Architecture
High-level system diagrams and structural documentation for my core engineering projects. Focusing on modularity, local execution, and scalable AI infrastructure.
OmniSLM Architecture
OmniSLM uses a layered architecture designed for extensibility. The Core Orchestrator sits between the API gateway and the underlying inference/memory engines. By abstracting the Vector Store and Inference Engine behind unified interfaces, developers can swap out FAISS for Qdrant, or Ollama for vLLM, without altering their agent logic.
RAG Pipeline Architecture
Ingestion Flow
- 1. Document Loaders (PDF, TXT, MD)
- 2. Semantic Text Splitters (Overlap allowed)
- 3. Local Embedding (SentenceTransformers)
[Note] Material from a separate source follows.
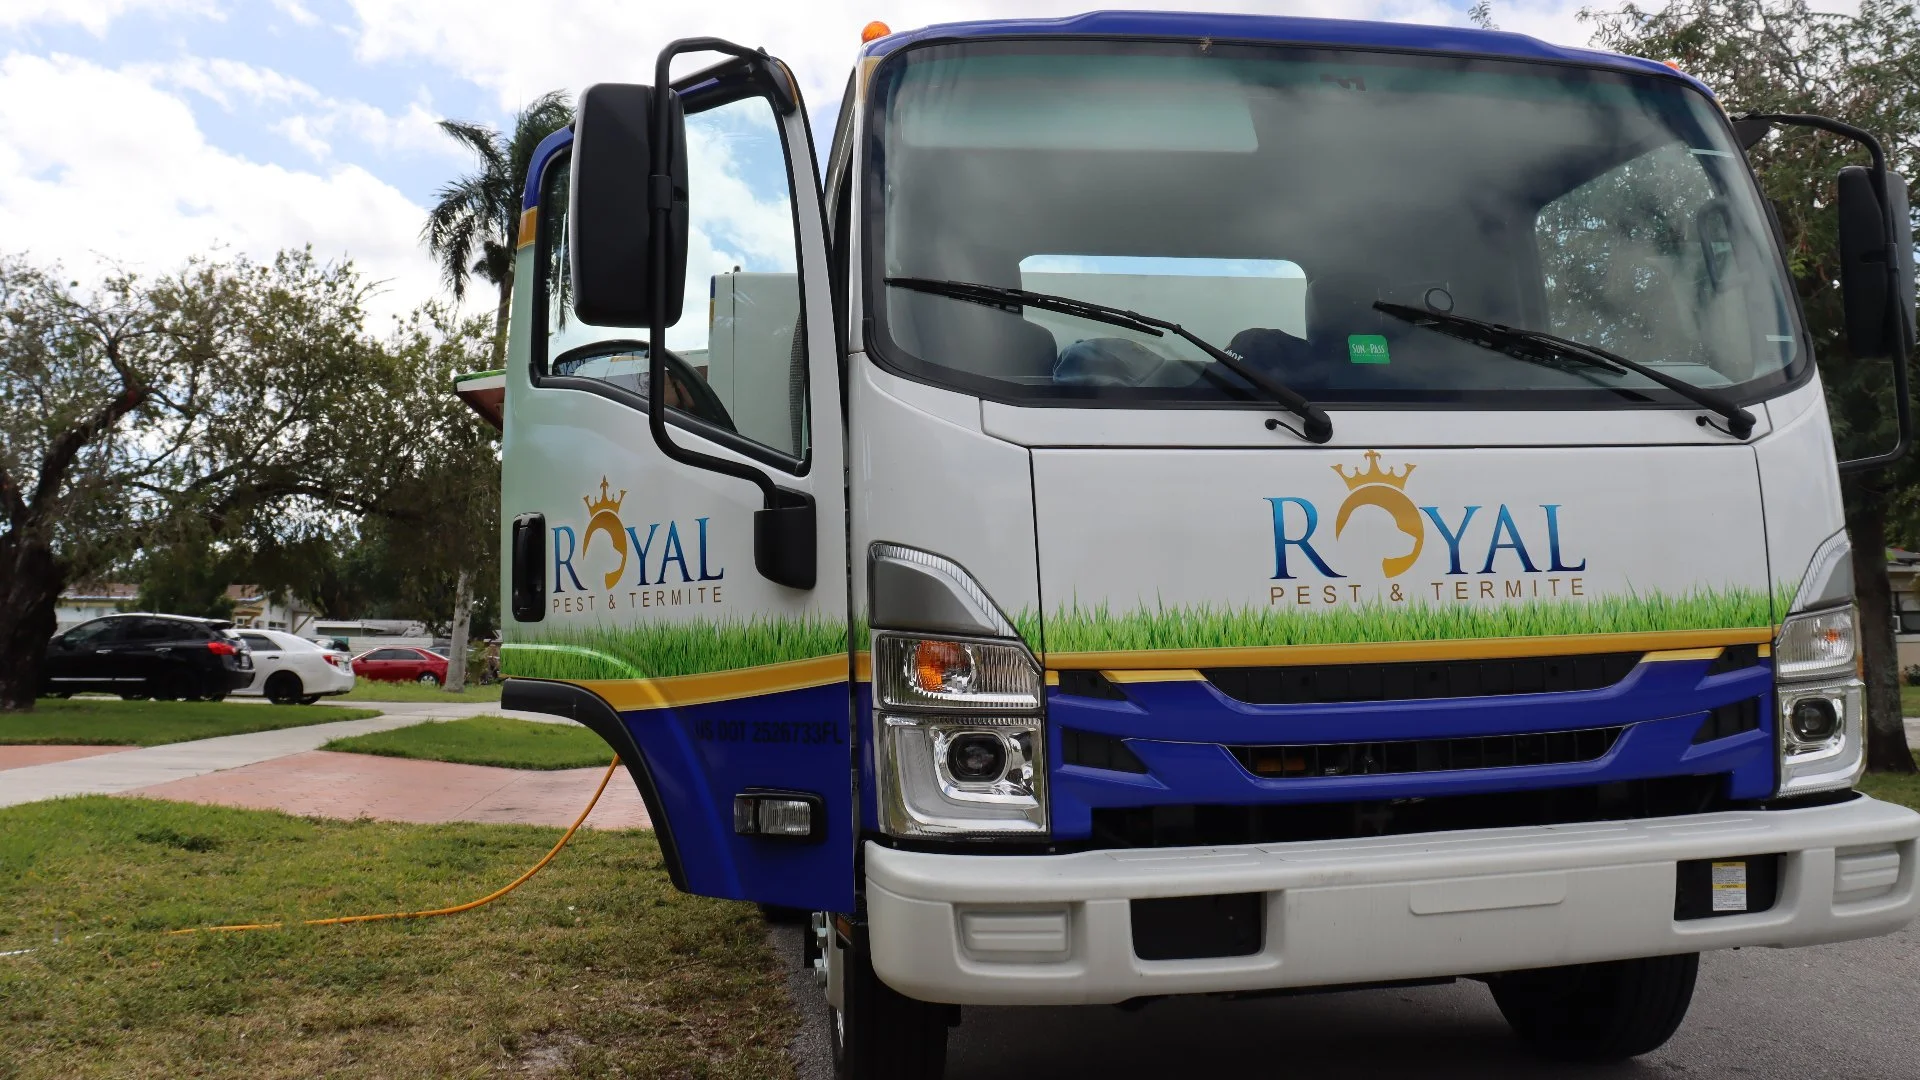 Royal Pest & Termite truck with door open in Miramar, FL.

- 4. Vector Indexing (FAISS / Pinecone)
Retrieval Flow
- 1. Query Expansion & Rewriting
- 2. Hybrid Search (Dense Vector + Sparse Keyword)
- 3. Cross-Encoder Re-ranking
- 4. Context Injection & Prompt Construction
The RAG system focuses on Hybrid Retrieval to maximize accuracy. Relying solely on dense embeddings often misses exact keyword matches (like acronyms or IDs). By combining dense vector search with sparse retrieval (e.g., BM25) and passing the combined results through a cross-encoder for re-ranking, the pipeline ensures the LLM receives the most relevant context possible.
Agent Runtime Architecture
Built using a ReAct (Reasoning and Acting) paradigm tailored for smaller context windows. Instead of overwhelming an 8B model with 50 tools, the agent runtime uses a hierarchical routing architecture. A lightweight classifier model selects a specialized sub-agent, which is then provisioned with only the 3-5 tools necessary for its specific domain.
Spring AI Multi-Tenant Platform
(Dynamic Routing)
In the Java ecosystem, the Local LLM Platform leverages Spring Boot's ThreadLocal context (or Reactor Context for WebFlux) to inject tenant IDs into every AI request. This guarantees isolated vector searches and allows per-tenant model configurations (e.g., Tenant A uses local Llama 3 for privacy, Tenant B uses GPT-4 for complex reasoning).
Blockchain + AI Architecture
Used in SeedTracking. The architecture creates a clear separation between deterministic consensus and probabilistic inference. Smart contracts on Ethereum govern state transitions (e.g., transferring seed ownership), while an off-chain Python microservice listens to contract events. When a transfer occurs, the Python service fetches the IPFS metadata, runs an ML fraud-detection model, and writes a risk-score back to the blockchain via an Oracle pattern.